# [Raw data]
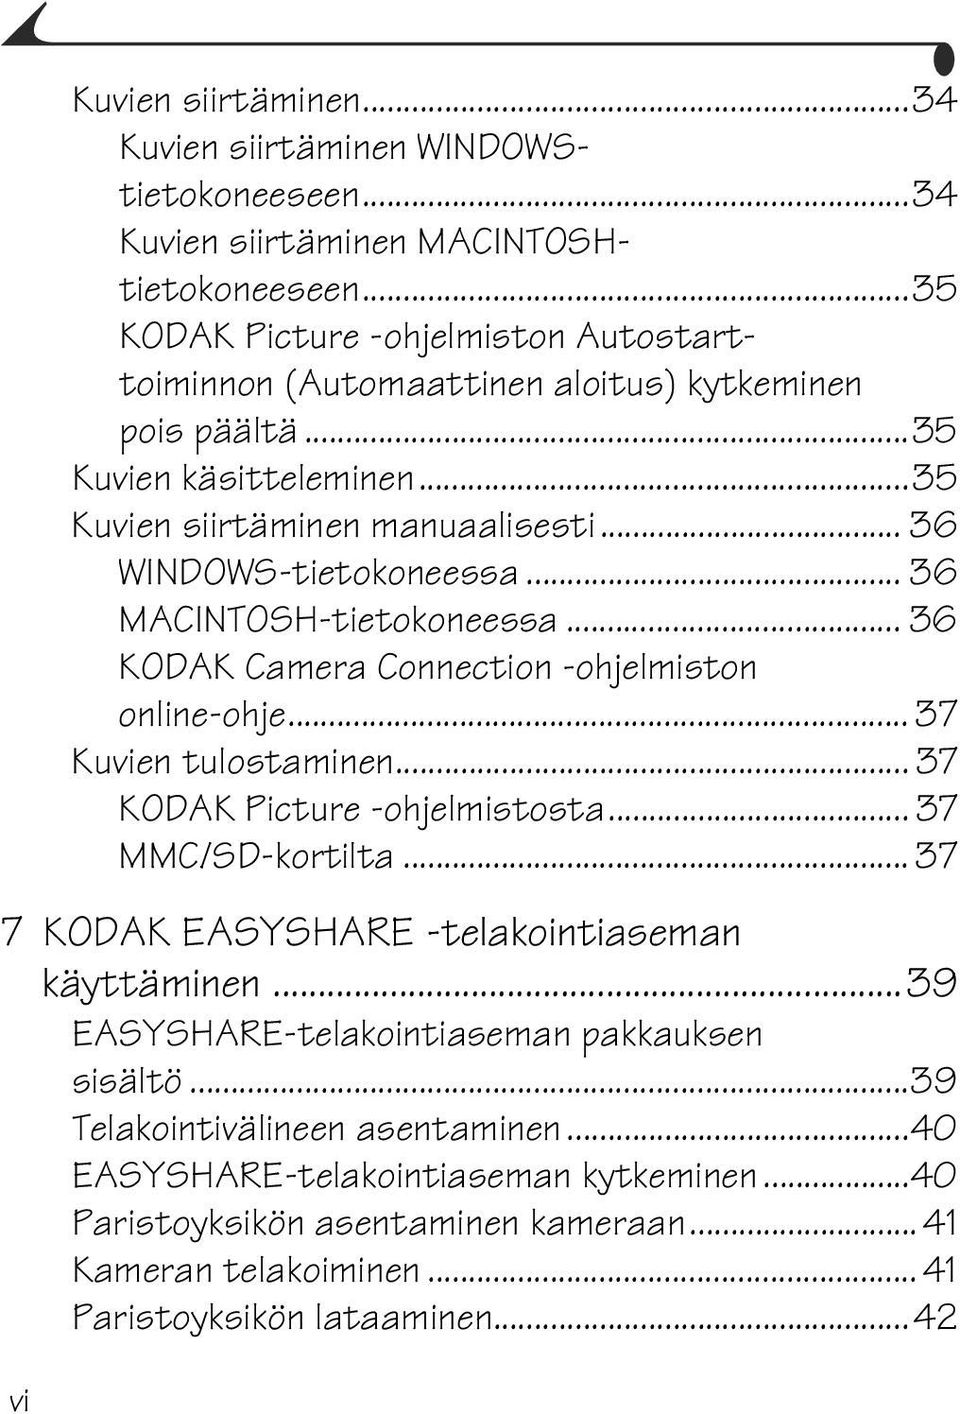 .. 36 MACINTOSH-tietokoneessa... 36 KODAK Camera Connection -ohjelmiston online-ohje... 37 Kuvien tulostaminen... 37 KODAK Picture -ohjelmistosta... 37 MMC/SD-kortilta.
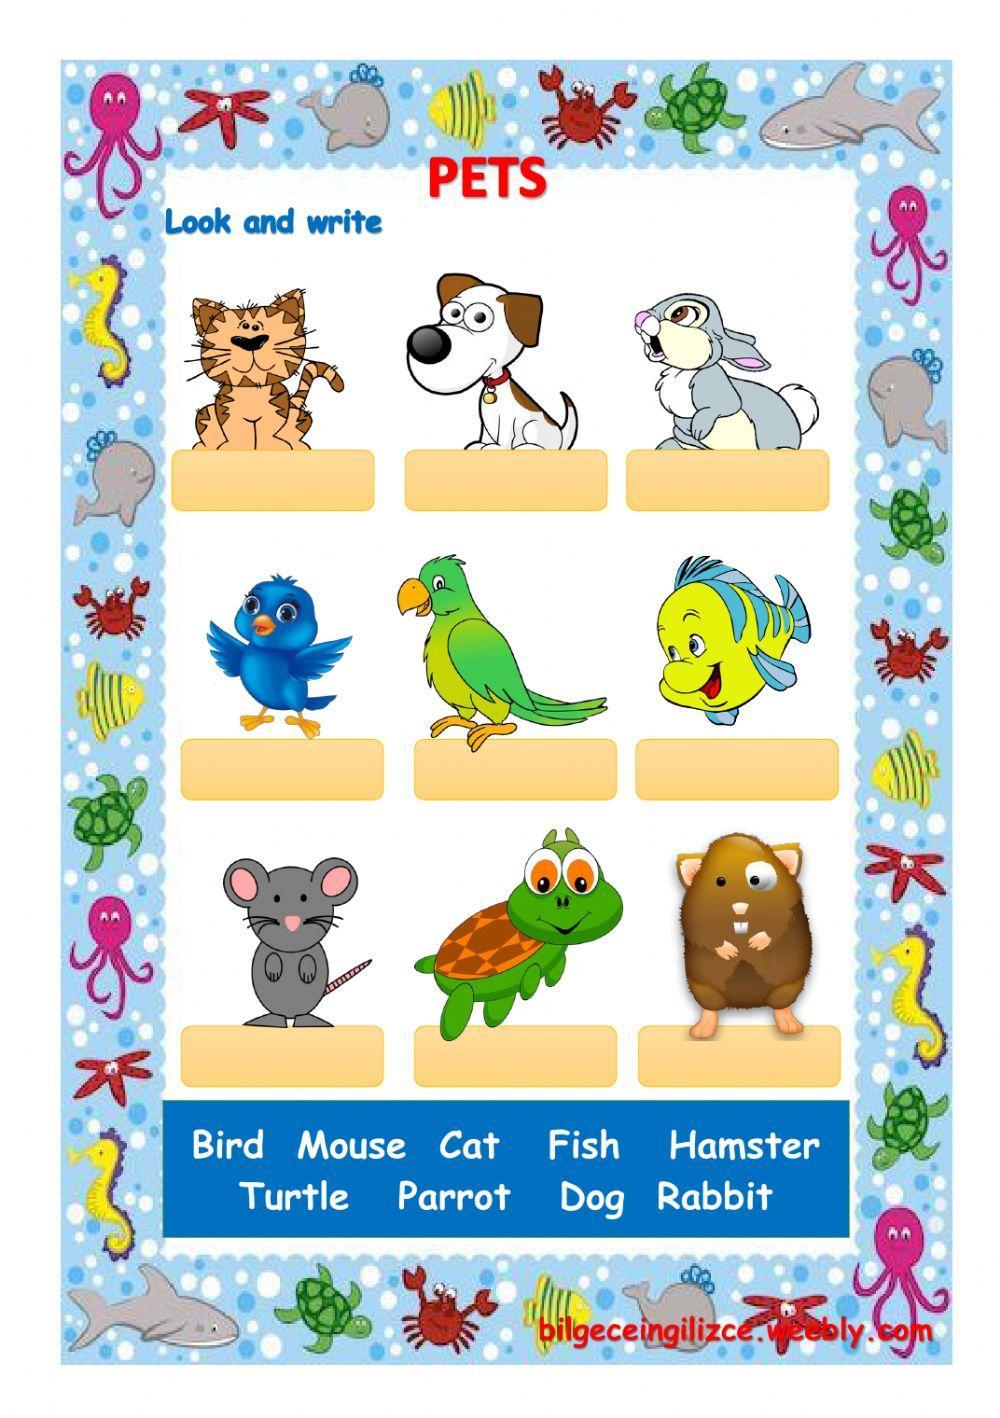 Pet tasks. Pets задания. Pets на английском для детей. Pets задания на английском. Задания по английскому для детей Pets.
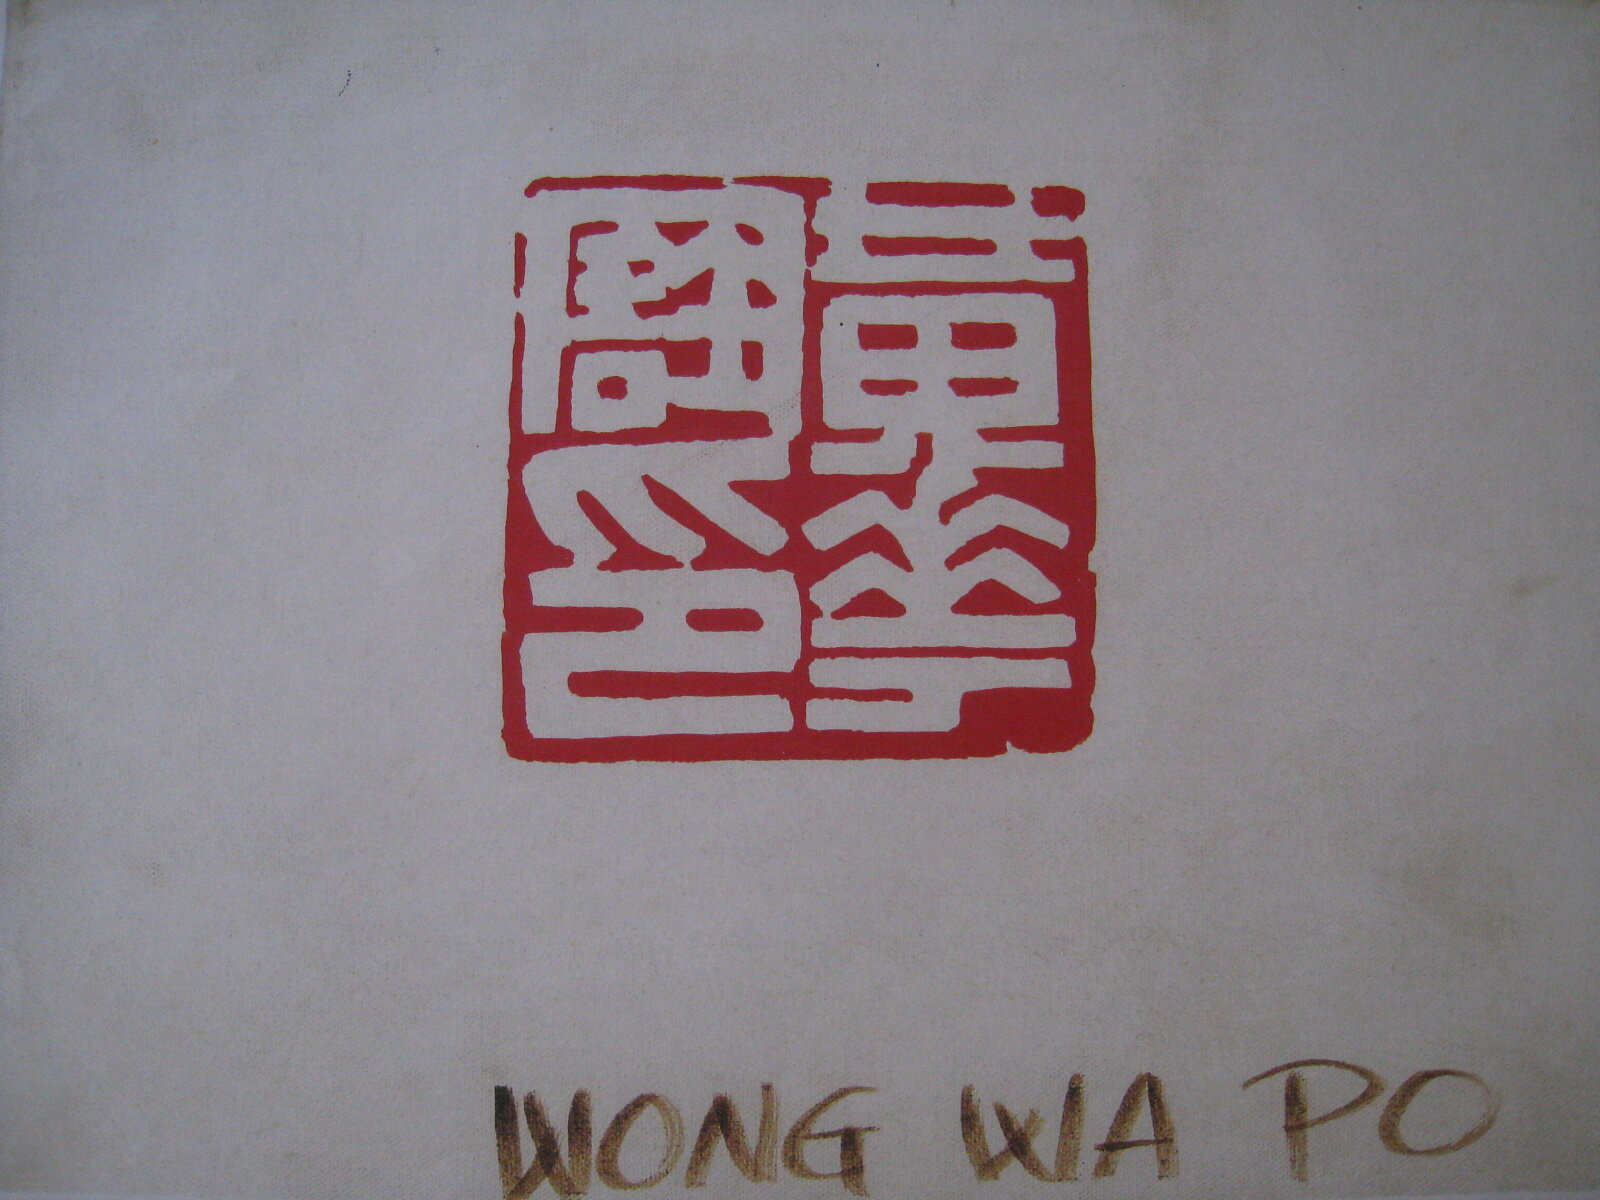 Wong Wa Po

# [What to produce]
Quote each line of the listing exactly, but leave the pictures out.

# [Response to this exercise]
 .. 36 MACINTOSH-tietokoneessa... 36 KODAK Camera Connection -ohjelmiston online-ohje... 37 Kuvien tulostaminen... 37 KODAK Picture -ohjelmistosta... 37 MMC/SD-kortilta.
 Pet tasks. Pets задания. Pets на английском для детей. Pets задания на английском. Задания по английскому для детей Pets.
 Wong Wa Po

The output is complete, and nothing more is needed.